SigLIP Vision

This deployment hosts the SigLIP vision model. It takes in the RGB pixel values for images that have been resized to 384x384 and returns the embedding vector (d=1152) that can be used for zero/few-shot image classification. Both the input and output are float32.

Dynamic batching is enabled for this deployment, so clients simply send in a single image to be embedded.

This is a lower level of abstraction, most clients likely should be using embed_image deployment.

Example Request

Here's an example request that just uses random data. Just a few things to point out

"shape": [1, 3, 384, 384] because we have dynamic batching and the first axis is the batch size, second axis is RGB channels, third/fourth are the heigh/width
"data": this should be "row" flattened. It will be reshaped by the server. Also, numpy is not serializable, so convert to python list.

import numpy as np
import requests

base_url = "http://localhost:8000/v2/models"
rng = np.random.default_rng()

pixel_values_np = rng.normal(
    loc=0.5, scale=0.5, size=[1, 3, 384, 384]
).astype(np.float32)

inference_request = {
    "inputs": [
        {
            "name": "PIXEL_VALUES",
            "shape": [1, 3, 384, 384],
            "datatype": "FP32",
            "data": pixel_values_np.flatten().tolist(),
        }
    ]
}
siglip_vision_response = requests.post(
    url=f"{base_url}/siglip_vision/infer",
    json=inference_request,
).json()

embedding = np.array(
    siglip_vision_response["outputs"][0]["data"],
    dtype=np.float32
)

Sending Many Images

If you want to send a lot of image pixels to be embedded, it's important that you send each image request in a multithreaded way to achieve optimal throughput. The example below creates 120 random pixel values to be embedded.

NOTE: You will encounter a OSError Too many open files if you send a lot of requests.

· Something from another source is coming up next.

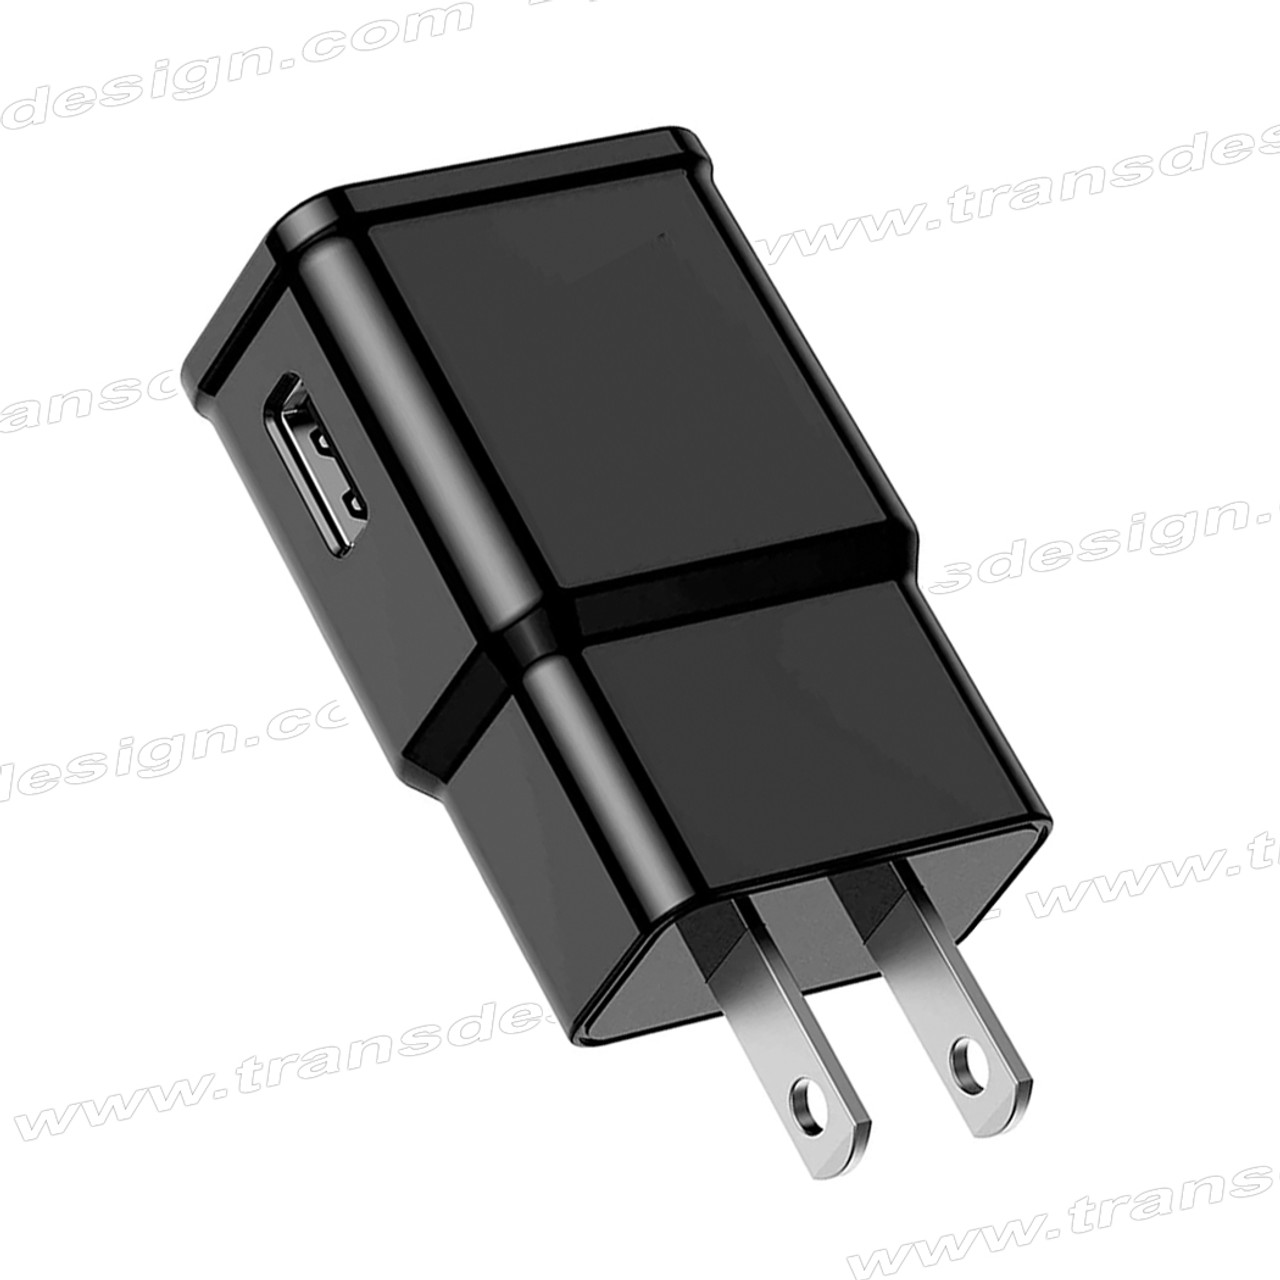 AC DC 5V 2A Micro USB Travel Home Wall Charger Adapter Power

Typically the default ulimit is 1024 on most system. Either increaces this using ulimit -n {n_files}, or don't create too many futures before you process them when completed.

from concurrent.futures import ThreadPoolExecutor, as_completed
import numpy as np
from pathlib import Path
import requests

base_url = "http://localhost:8000/v2/models"
rng = np.random.default_rng()

pixel_values_batch = rng.normal(
    loc=0.5, scale=0.5, size=[60, 3, 384, 384]
).astype(np.float32)


futures = {}
embeddings = {}
with ThreadPoolExecutor(max_workers=60) as executor:
    for i, pixel_values in enumerate(pixel_values_batch):
        inference_request = {
            "inputs": [
                {
                    "name": "PIXEL_VALUES",
                    "shape": [1, 3, 384, 384],
                    "datatype": "FP32",
                    "data": pixel_values.flatten().tolist(),
                }
            ]
        }
        future = executor.submit(requests.post,
            url=f"{base_url}/siglip_vision/infer",
            json=inference_request,
        )
        futures[future] = i
    
    for future in as_completed(futures):
        try:
            response = future.result()
        except Exception as exc:
            print(f"{futures[future]} threw {exc}")
        else:
            try:
                data = response.json()["outputs"][0]["data"]
                embedding = np.array(data, dtype=np.float32)
                embeddings[futures[future]] = embedding
            except Exception as exc:
                raise ValueError(f"Error getting data from response: {exc}")

print(embeddings)

Performance Analysis

There is some data in data/siglip_vision which can be used with the perf_analyzer CLI in the Triton Inference Server SDK container.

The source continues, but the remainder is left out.